Ora il sistema di aiuti disaccoppiati impone regole più chiare sul prezzo –

Al via la trattativa fra agricoltori e industria per firmare i contratti della campagna 2011

Conserve Pomodoro: L’incognita Pac

sgravi

La campagna 2010 del pomodoro da industria è stata condizionata negativamente da una programmazione eccedentaria, con una superficie investita a livello nazionale di circa 78.500 ettari.
Una corsa all’«oro rosso » sicuramente rallentata rispetto agli 85mila ettari seminati l’anno scorso, ma che comunque ha finito per appesantire il mercato e deprimere in molti casi i prezzi.

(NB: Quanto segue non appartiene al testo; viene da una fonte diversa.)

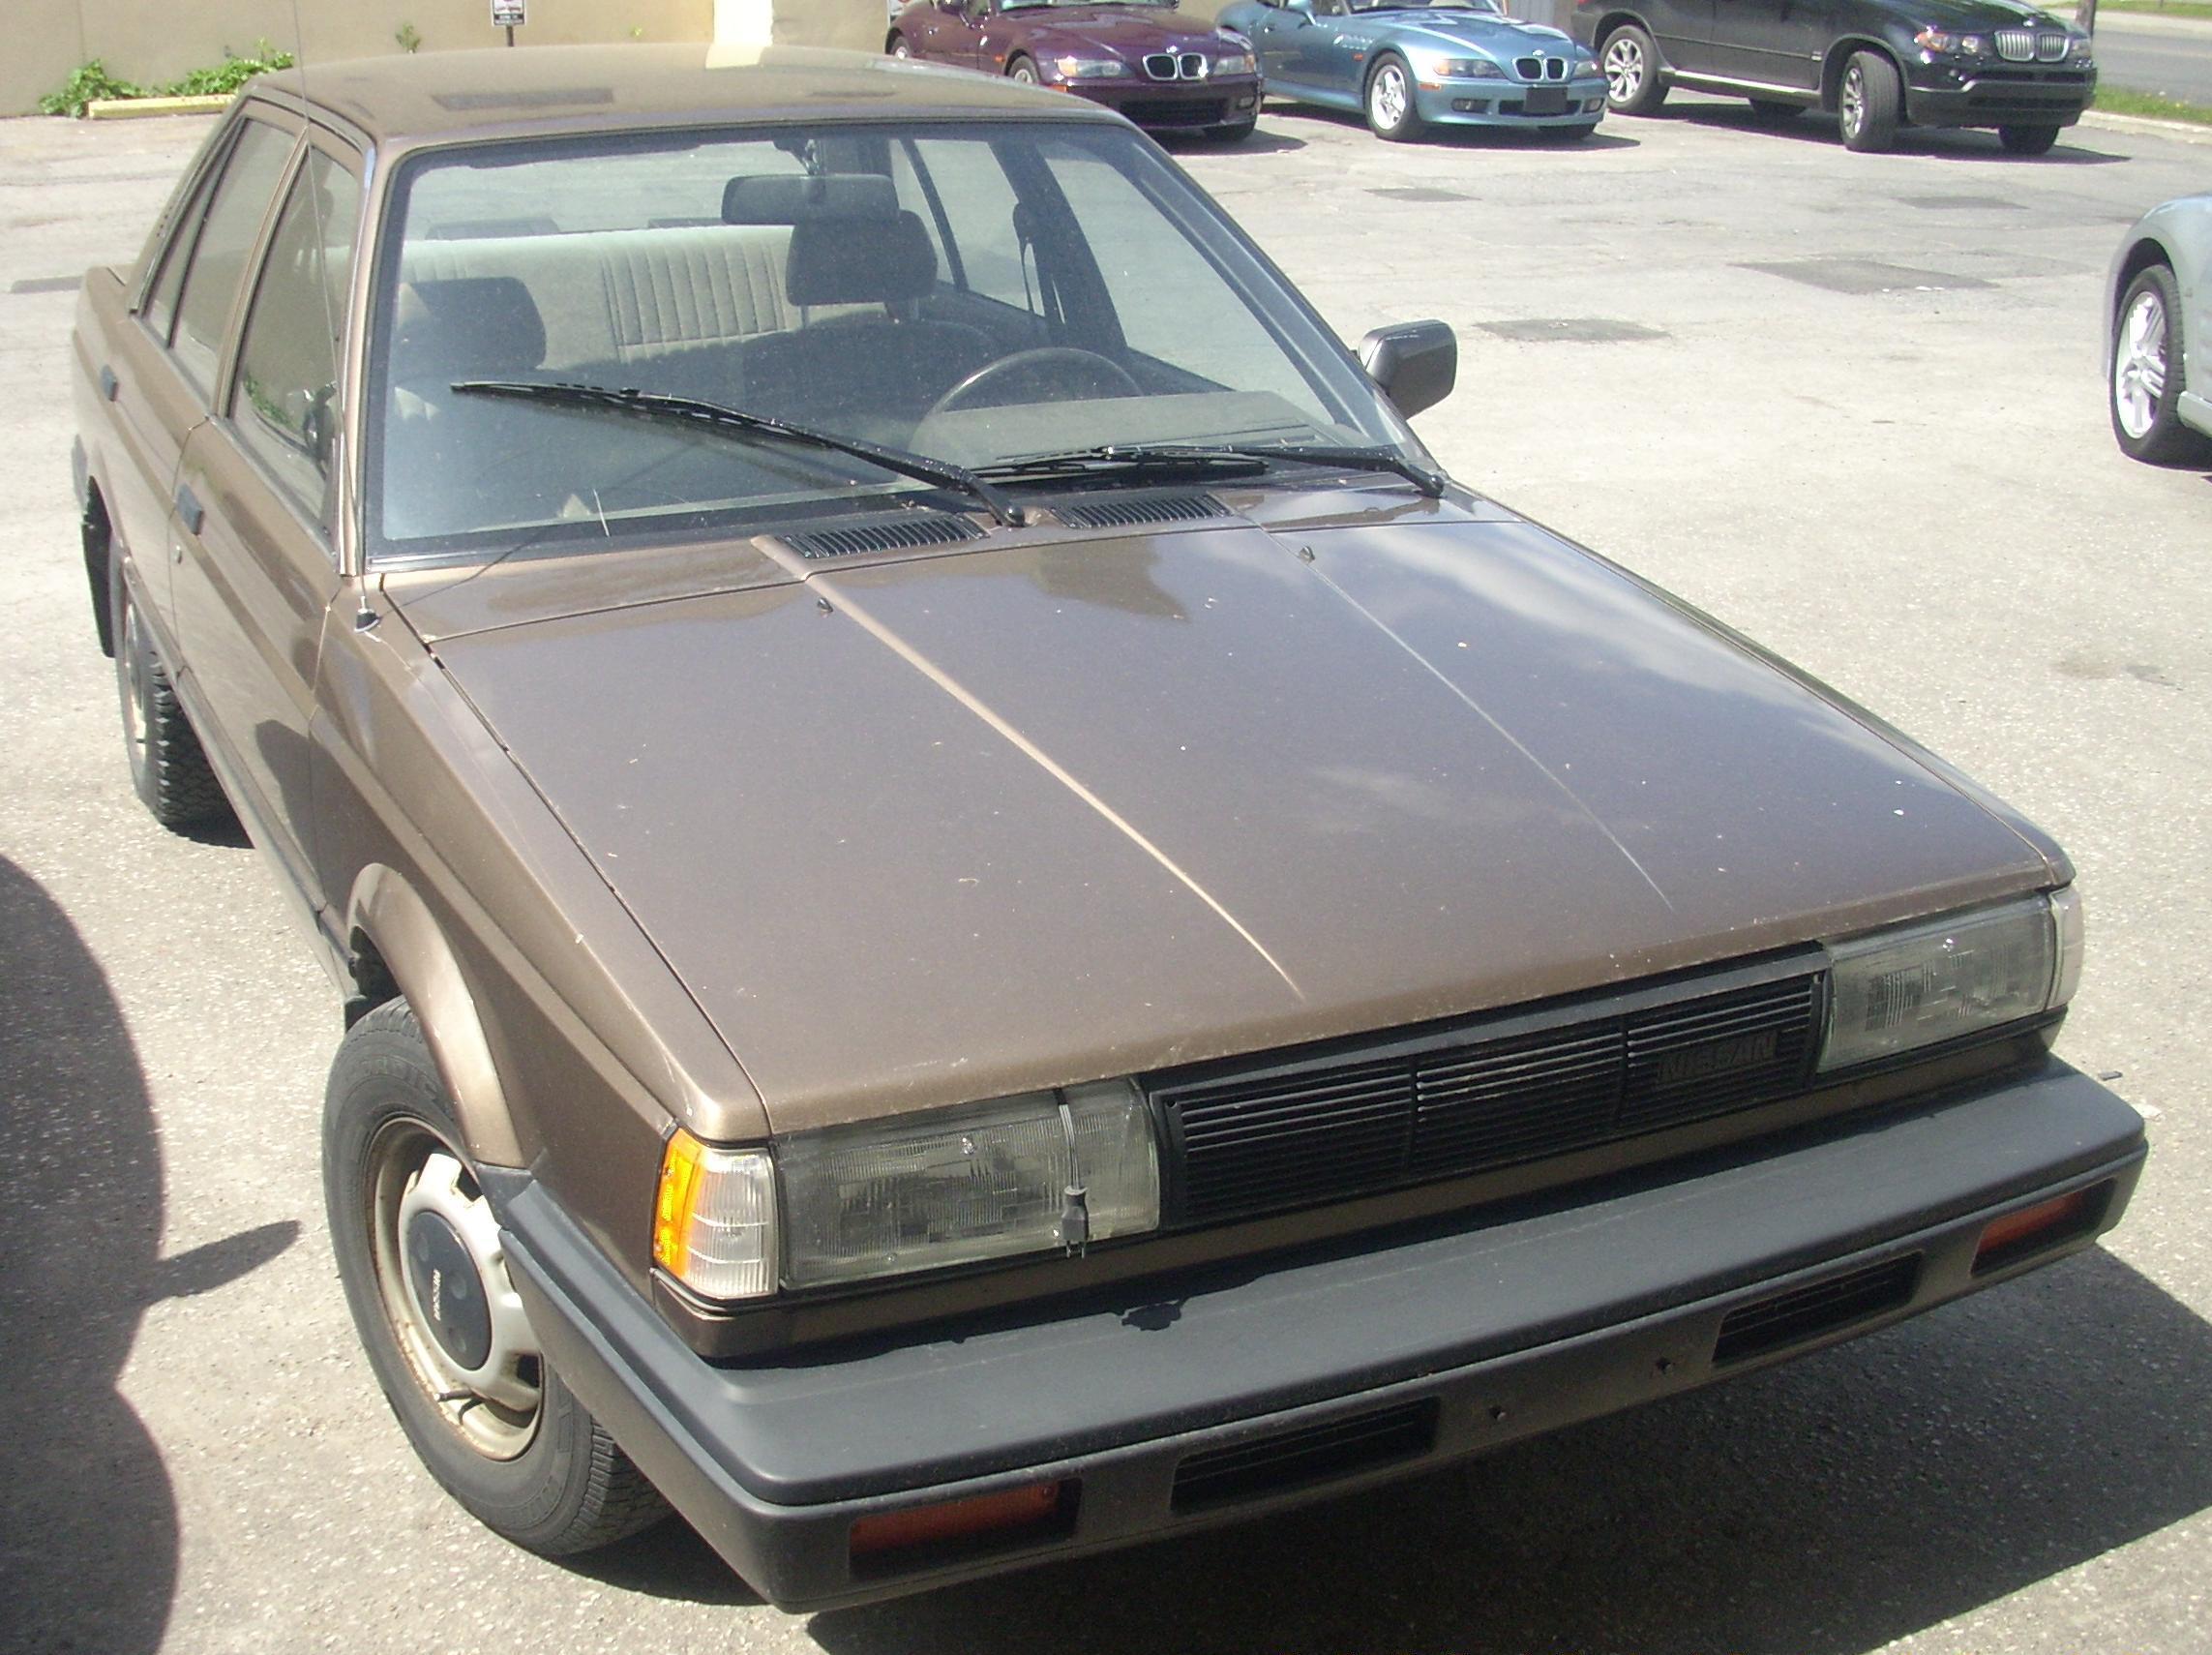 File:'87-'88 Nissan Sentra Sedan.JPG - Wikimedia Commons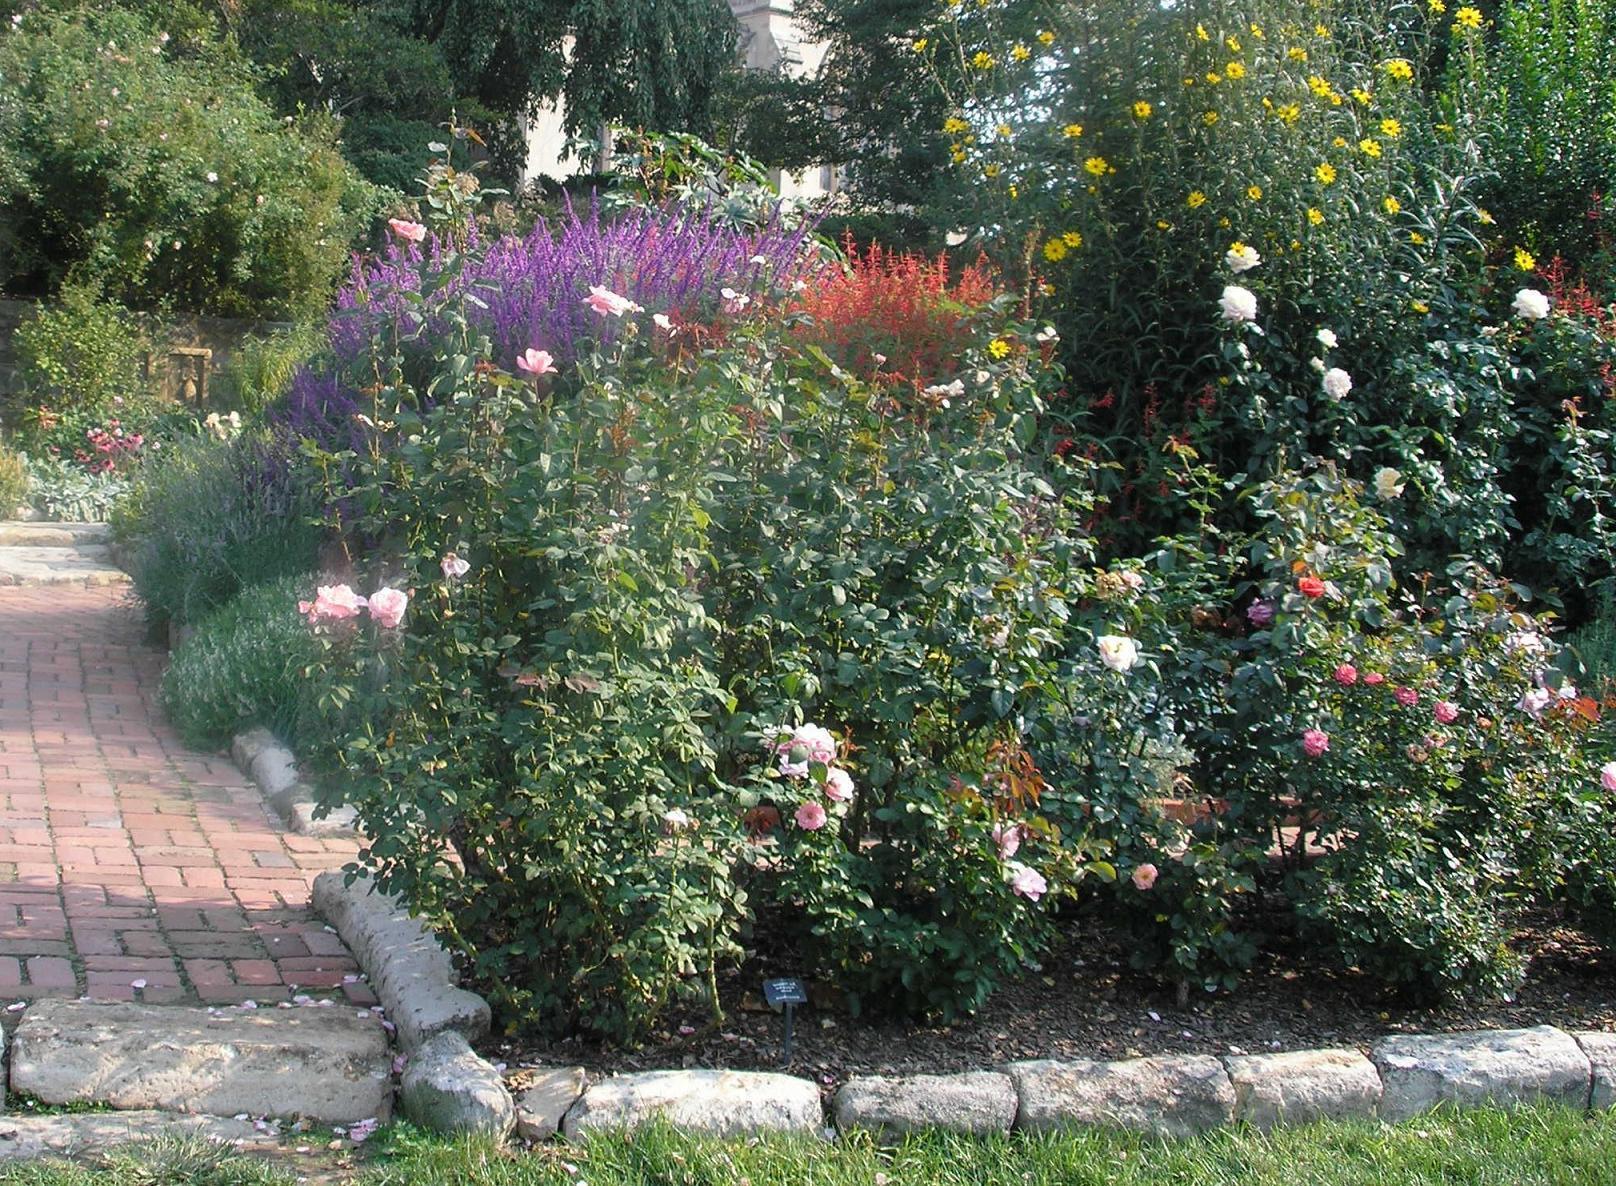 Bordure Jardin : Installer Des Bordures De Jardin | Pratique.fr dedans Bordure De Jardin En Pierre

Sulle scelte degli agricoltori, del resto, hanno pesato le aspettative di una remuneratività che negli ultimi due anni si è mantenuta su livelli particolarmente elevati.
Con prezzi medi di base compresi tra 70 e 80 euro a tonnellata, difficili da spuntare con altre colture. Tutto questo mentre i prezzi dei prodotti finiti sono diminuiti, sia sul mercato interno, che a livello internazionale.
Con scorte di magazzino superiori a quelle fisiologiche che certo non depongono bene in vista della prossima campagna. Senza contare che proprio dal 2011 l’Italia affronterà la grande incognita del nuovo regime di aiuti comunitari totalmente disaccoppiati, che prevede il pagamento di premi agli agricoltori solo in base alle superfici «storiche » seminate.
«Il decoupling totale avrà effetti devastanti, perché la forbice dei prezzi si aprirà ancora di più», avverte Maurizio Gardini, presidente di Fedagri-Confcooperative e di Conserve Italia, leader europeo dell’ortofrutta trasformata con un fatturato di circa un miliardo di euro. «In un sistema dove il prezzo della materia prima incide su quello del prodotto finito tra il 25 e il 40% – spiega Gardini – è verosimile che aumenterà il divario tra i paesi più competitivi. E al di là della Cina, che secondo me ha esaurito la sua spinta più forte, l’anno prossimo dovremo più preoccuparci del prodotto in arrivo dalla Turchia, dal Marocco e dalla Francia che ha prolungato al 2011 il regime transitorio con aiuti parzialmente accoppiati. Comunque ci vorranno almeno due anni per arrivare a regime sul mercato».
A questo punto, molto dipenderà anche dagli accordi su norme di qualità e prezzi di riferimento che agricoltori e industria riusciranno a raggiungere in vista della prossima campagna.
A metà dicembre le parti si sono incontrate tre-quattro volte in modo informale per avviare la trattativa. I rappresentanti delle organizzazioni di produttori, a fronte di costi di produzione di 6.200 euro a ettaro, punterebbero a chiedere un prezzo base di 90-95 euro a tonnellata.
Mentre le imprese di trasformazione partono da una base di costo di circa 5.500 euro per ettaro, che potrebbe tradursi in un’offerta di 80-85 euro a tonnellata. Ipotesi di prezzi base, appunto, ai quali gli agricoltori detentori di titoli Pac potranno poi aggiungere l’aiuto disaccoppiato. E questo comporterà che gli importi concordati prevedano una contestuale revisione delle modalità contrattuali. Con clausole chiare e trasparenti, soprattutto su standard di qualità e difetti della materia prima che garantiscono prezzi remunerativi per gli agricoltori e margini per le aziende di trasformazione tali da poter competere sul mercato.